First off, there is most certainly a real medical condition called celiac disease. It involves a measurable immune reaction to foods that contain gluten. Gluten is a protein-starch complex (but often described in non-technical and medical writing as just protein) found in some grass seeds, such as wheat, rye, and barley, but not others like rice and corn. It is not found in any foods other than those made from these specific grains.
Celiac is apparently found in about 1% of the population.
Some medical authorities and lay people also assert the existence of “Non-Celiac Gluten Sensitivity” (NGCS). As you might expect, this describes people who are sensitive to gluten in some way, but not through the (partially) known mechanism of celiac disease. To quote a BBC article by “Doctor Chris” van Tulleken, “Although many people who do not have coeliac disease claim to suffer gut symptoms like bloating and nausea when they eat gluten – and even other things like “brain fog” and tiredness – these have not been linked to any physiological changes that can be measured and hence used to make a clinical description and diagnosis.”
Someone with my background wonders if a claimed syndrome that has such a wide variety of symptoms which correlate to nothing measurable might be a result of pareidolia, the tendency of the human brain to find patterns in noisy data, even when no such pattern is real. Examples of what I have just named “pareidolic diseases” include Morgellon’s Syndrome, chronic Lyme disease, and Candidiasis/Yeast Allergy. They share having relatively common, non-specific symptoms (e. g. fatigue, stomach upset) and not being detectable by any lab tests, even when (as with Lyme disease) there is a well-known, effective test available.
Dr. van Tulleken’s “Trust Me, I’m a Doctor” team conducted a study to test the reality of NCGS. The found 60 people, some of whom claimed to experience NGCS, and put them on a gluten-free diet including (experimenter-supplied) gluten-free pasta, but for two weeks (randomly selected?) of the study period, each was given pasta containing gluten instead. The team then analyzed the subjects’ reported symptoms, and also performed lab tests to show inflammation and IgE (antibody) levels. The study was double-blinded, in that neither researchers nor subjects knew in which two week period the subjects were eating gluten until after the study concluded. The subjects acted as their own controls by experiencing both with- and without-gluten diets.
The results: subjects did in fact report feeling fewer gut-related symptoms like bloating during the gluten-free weeks. Variation in other symptoms (e.g. tiredness) was not statistically significant. There was also no significant correlation between gluten-free diet and the lab values being measured.
Dr. van Tulleken does state in the linked BBC article that it’s likely at least some subjects knew which weeks they were eating gluten-containing pasta. And as he concedes, this can easily explain the slight variation in the digestive symptoms.

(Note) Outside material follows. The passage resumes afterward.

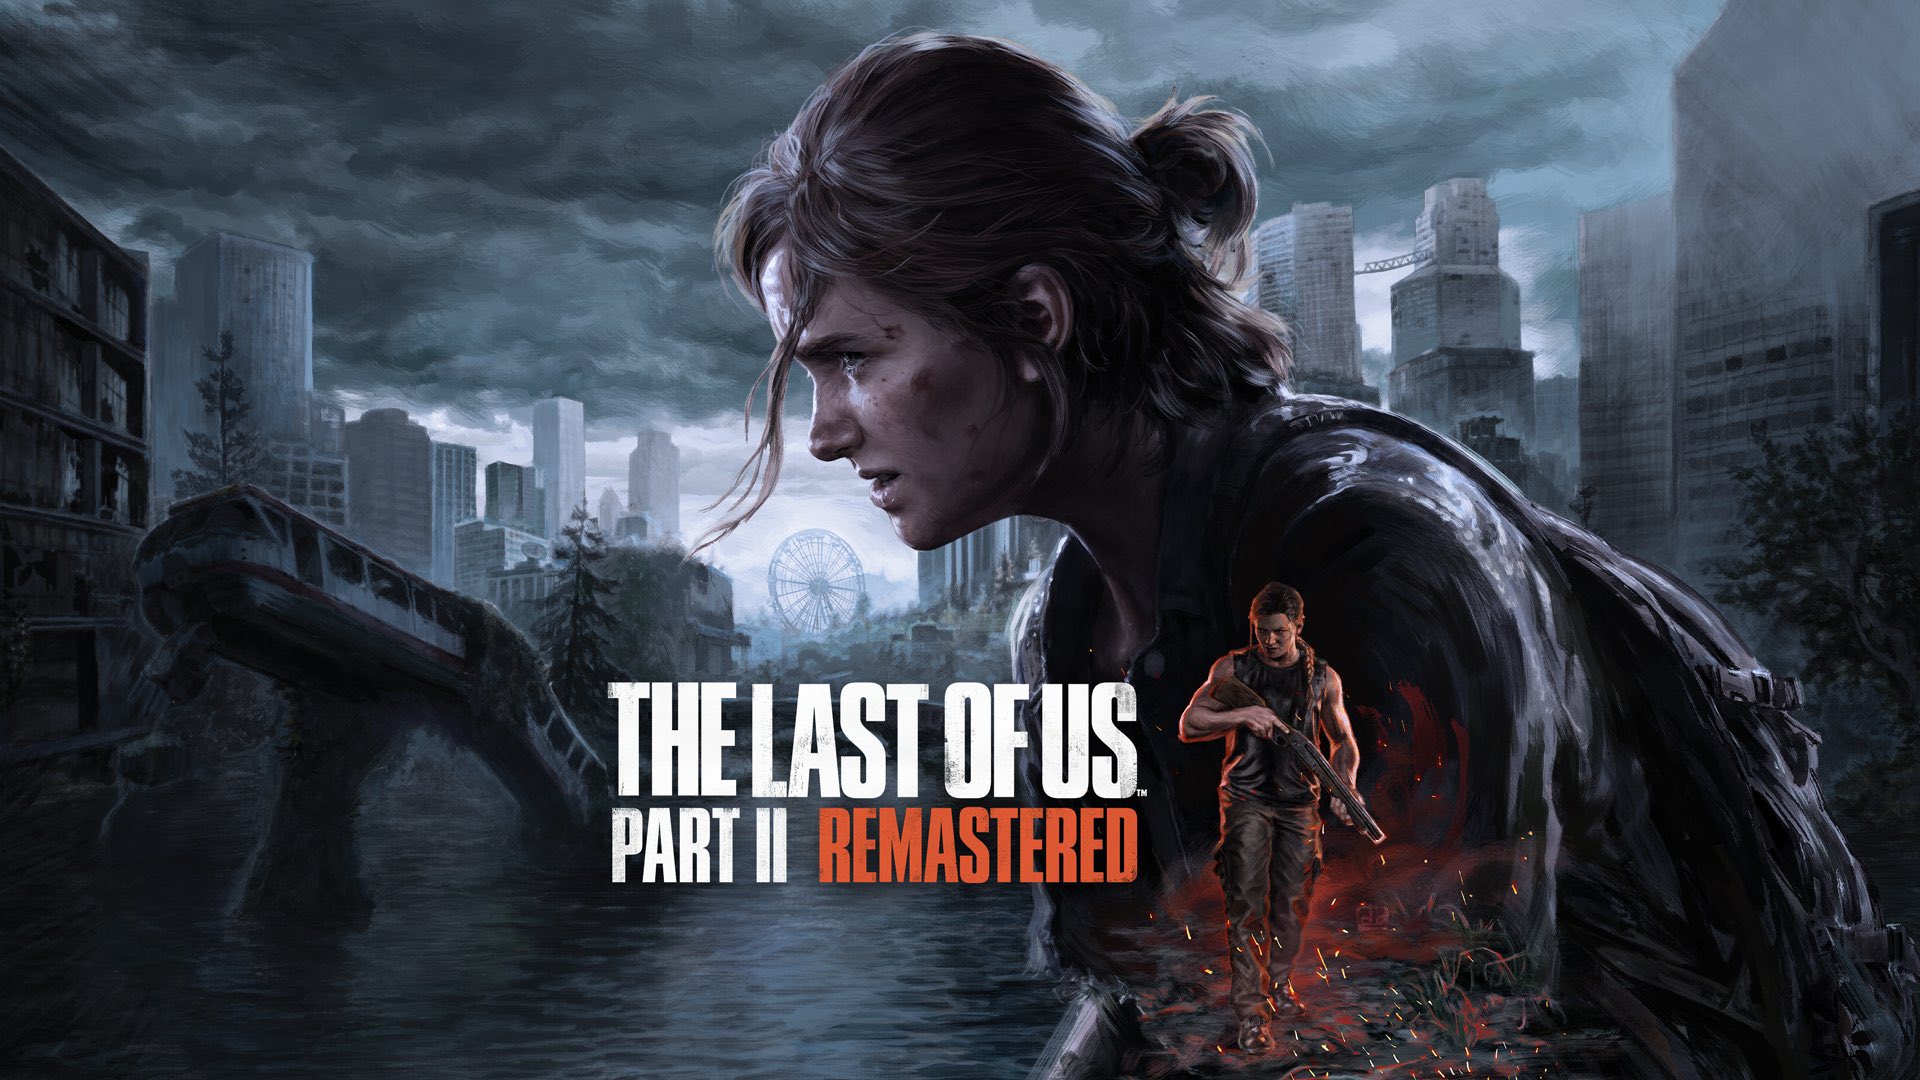 The Last of Us Part 2 Remastered – Composer Gustavo Santaolalla is Playable in Guitar Free Play

A weakness he apparently did not realize in his analysis: the two pastas are very clearly made with different recipes. It’s perfectly possible that the gluten-containing pasta that was used has some other difference from the gluten-free one that explains the gut symptomology, perhaps an herb or a preservative that some people are really slightly sensitive to. It’s possible that the gluten-containing pasta just has less fiber (for one possible example), and that the additional fiber in the gluten-free food aided the subjects’ digestion. Dr. van Tulleken doesn’t provide the recipes/brands for the two foods, making it hard to speculate beyond that guess.
Also, the subjects were eating food they selected and purchased themselves, aside from the pasta. Since as far as one can tell from the BBC article they weren’t asked to record their consumption, it wouldn’t be difficult for this dietary variation to randomly cause one group to score higher on some symptoms.
I’m surprised that Dr. van Tulleken did not report whether the self-diagnosed NGCS sufferers showed greater incidence of gut symptoms than the non-diagnosed. If NGCS is real (and not universal in the population) then a difference between NGCS patients and the rest of the subjects would certainly exist.
It is not stated in the article, but I suspect Dr. van Tulleken’s group does not plan to publish these results in a peer-reviewed journal, which seems to me to be disappointing. I’d love to read in more detail about the protocol and results.
As published, the results seem completely compatible with NGCS being a pareidolic disease. They are also consistent with NGCS being a real syndrome, but with only a small effect (at least in the experimental circumstances). Note that with its weak protocol and small sample size (n=60) it isn’t strong evidence for anything.
I suggest that Dr. van Tulleken’s group or someone else repeat the experiment but with the subjects eating identical diets (entirely supplied by the experimenters, ideally, not just gluten-free with the subjects buying their own food). However, each subject would be required to swallow 10 identical capsules per day. For the “control” period the capsules would contain a non-gluten protein. For the “experimental” period, the capsules would contain gluten proteins. That would make it impossible for the subjects to detect which weeks include gluten from the flavor/texture of their food, and also eliminate the possible effect of other ingredients in the two different pasta recipes.